## DATA BELOW

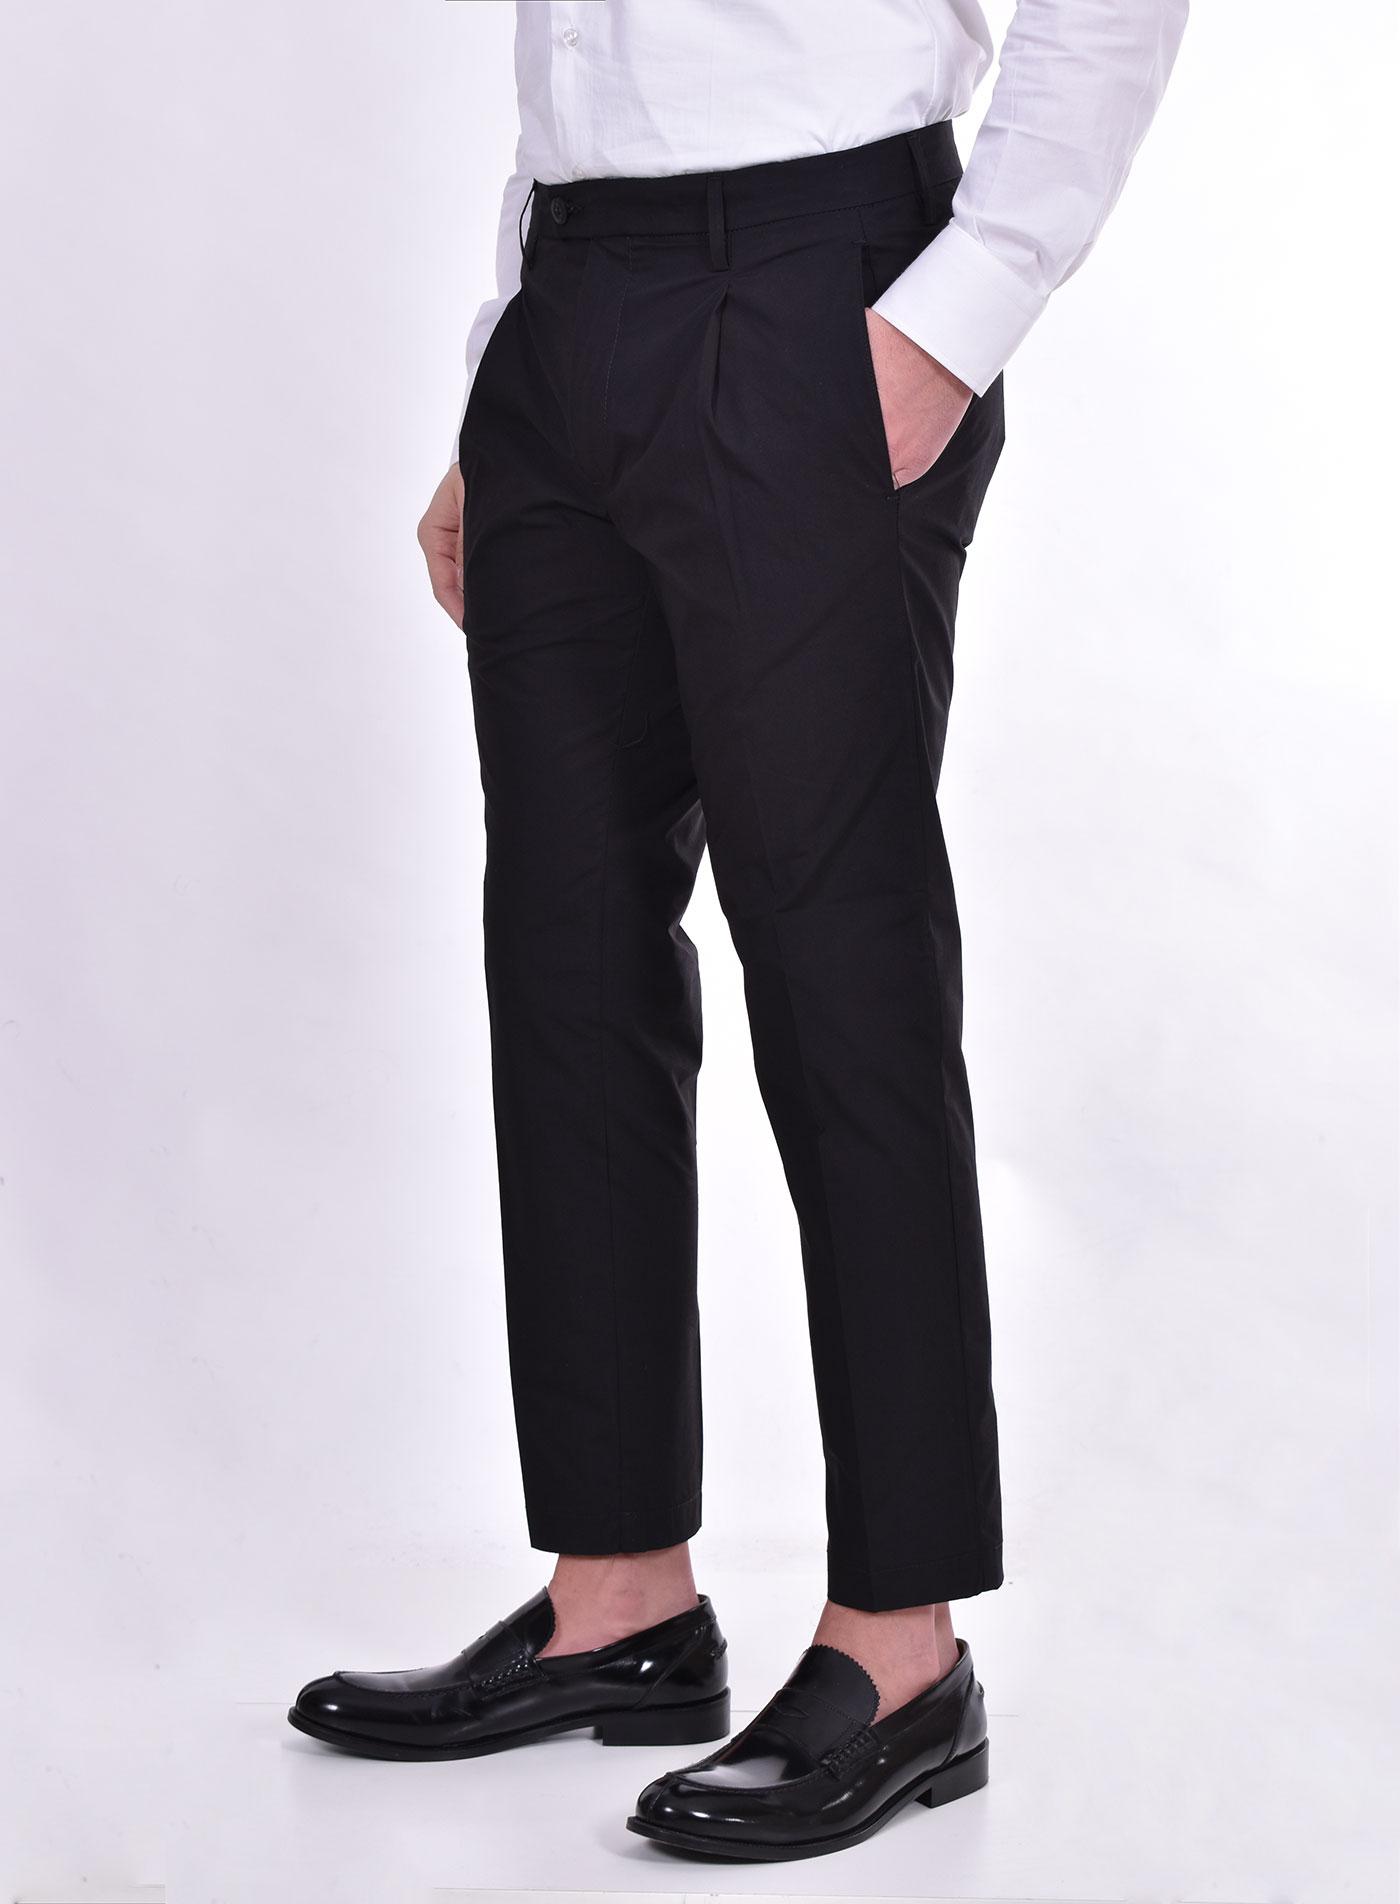 Bro Ship chicago black trousers BRO SHIP | BSCHI7025019
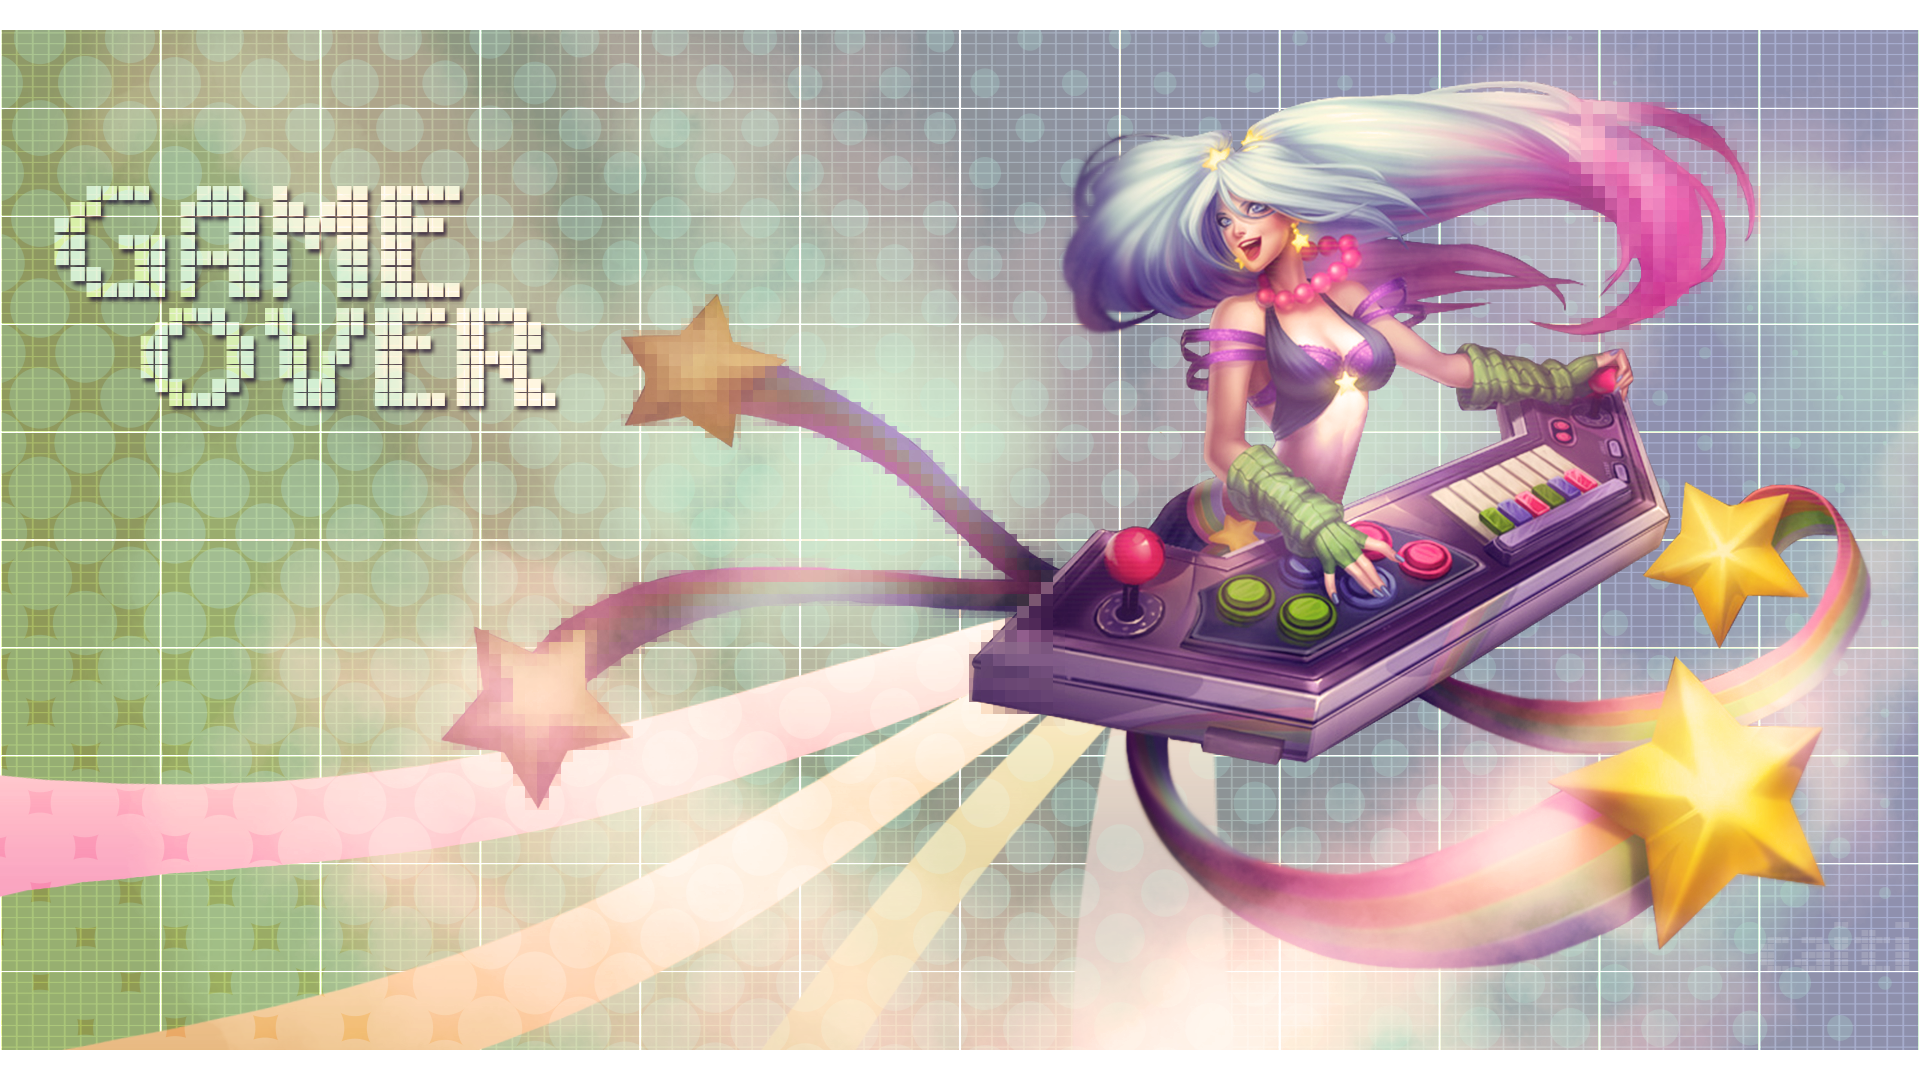 Arcade Battle Fan Art - League of Legends Wallpapers  Arcade Sona Wallpaper
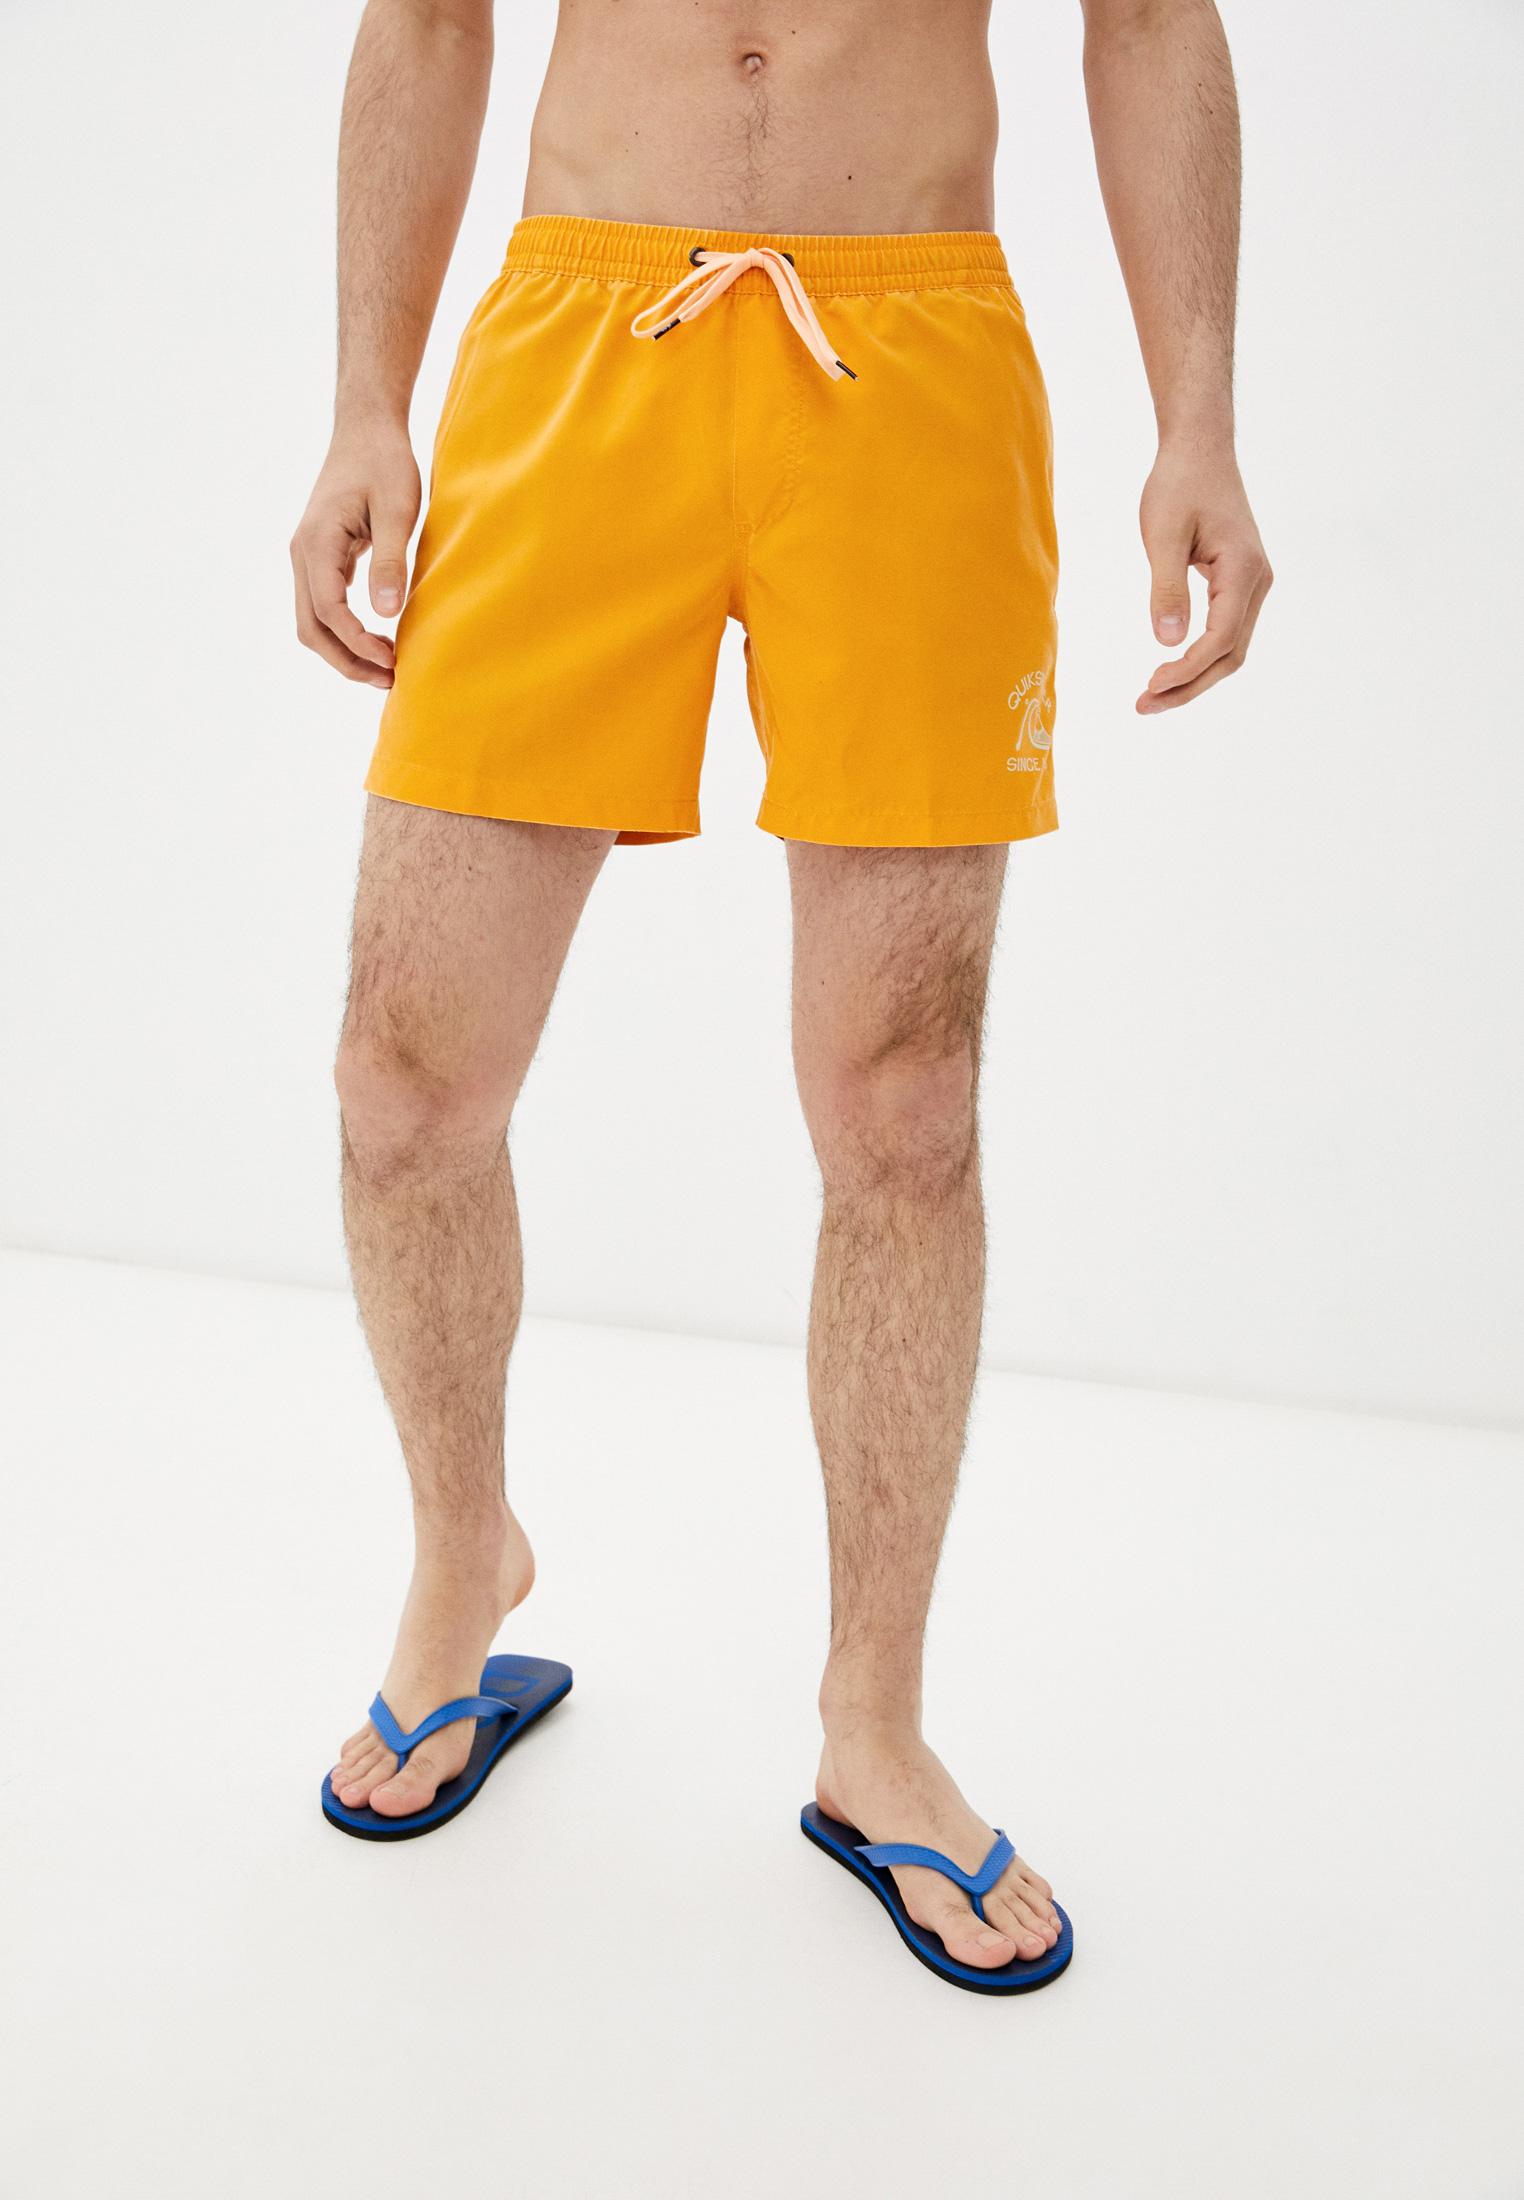 Мужские шорты для плавания Quiksilver (Квиксильвер) EQYJV03692

## WHAT YOU NEED TO DO
Only what runs from the line with "Arcade Battle Fan" through the last line of the listing above belongs in the answer, set down exactly and free of pictures.

## RESPONSE
 Arcade Battle Fan Art - League of Legends Wallpapers  Arcade Sona Wallpaper
 Мужские шорты для плавания Quiksilver (Квиксильвер) EQYJV03692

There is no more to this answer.